В тот вечер, без нескольких минут десять, он проснулся с ощущением, что его раздирают.

Голоса, высокий и низкий, взмывали и падали у изножья кровати, накрывали его и опадали. Простыни под ним промокли от пота, и прилив быстро надвигался на галечный пляж. Вода скоро подхватит его лодочку, выброшенную на берег… И что тогда? Но он отвлекся — взгляд упал на камень, блестевший у ног. Он смотрел со стороны, как наклонился, поднял камень и вытер досуха. Это «куриный бог», с протертой волнами гладкой дырочкой.

У него когда-то был такой… Где?

Он закрыл один глаз и прижал камень к другому.

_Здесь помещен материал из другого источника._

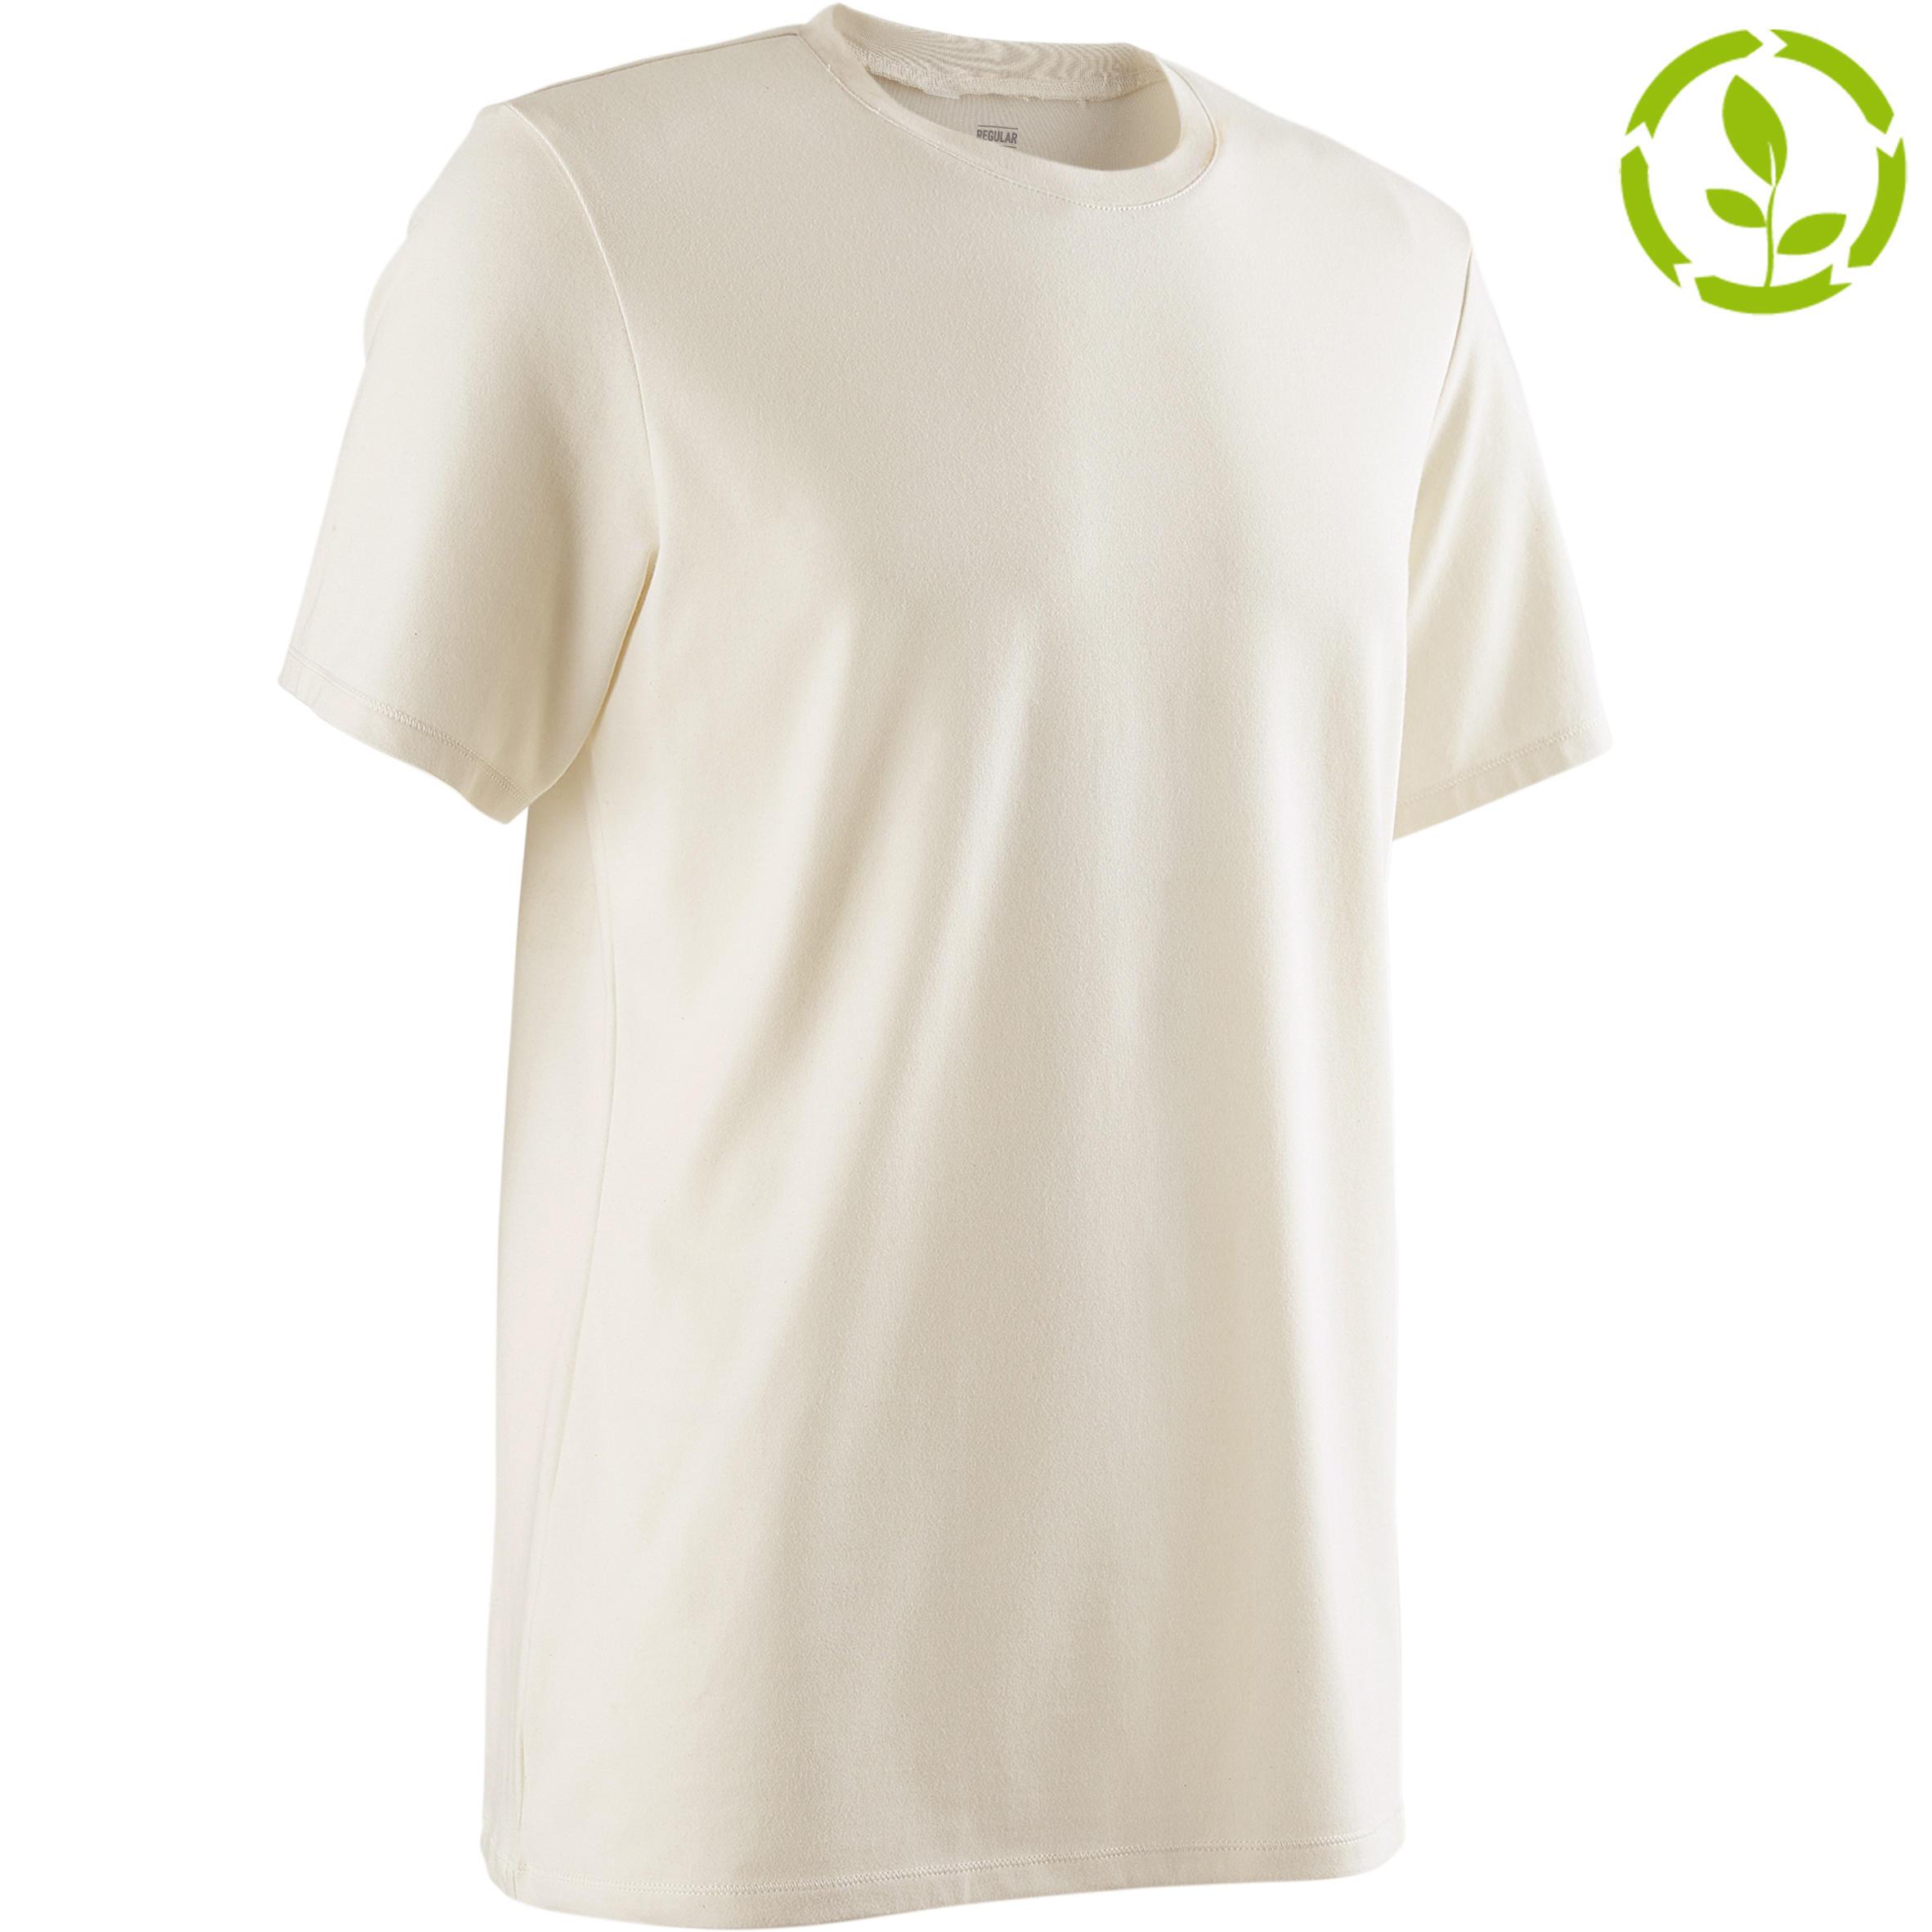 Domyos T-shirt 500 regular fit gym en stretching heren

Он увидел мать — она помогала ему с латинским уроком: «Nil desperandum» [«Не отчаиваться» (лат.).]. Милая Джесси в давнем Иствуде декламировала слова их любимой героини, Мэгги Талливер: «О Том, пожалуйста, прости меня! Я не могу этого вынести. Я всегда буду хорошая… всегда буду все помнить. Только люби меня… пожалуйста, Том, милый!»15 Сестра Ада учила его варить варенье: «Равное количество сахара и фруктов». Даже малютка Мэри из Грейтэма распевала так же воодушевленно, как пятнадцать лет назад, когда была его ученицей:


Поезд едет, поспешает, на каждой станции свистит:
Мистер Маккинли умирает,
Мистер Маккинли умирает:
Анархистом он убит.
Ну и время, ну и время…


Эй, мерзавец, посмотри-ка, посмотри, что натворил:
Мистер Маккинли умирает,
Мистер Маккинли умирает:
Это ты его убил.
Я везу его домой, в Вашингтон, в Вашингтон…16

В ушах гремели слова, все больше и больше слов.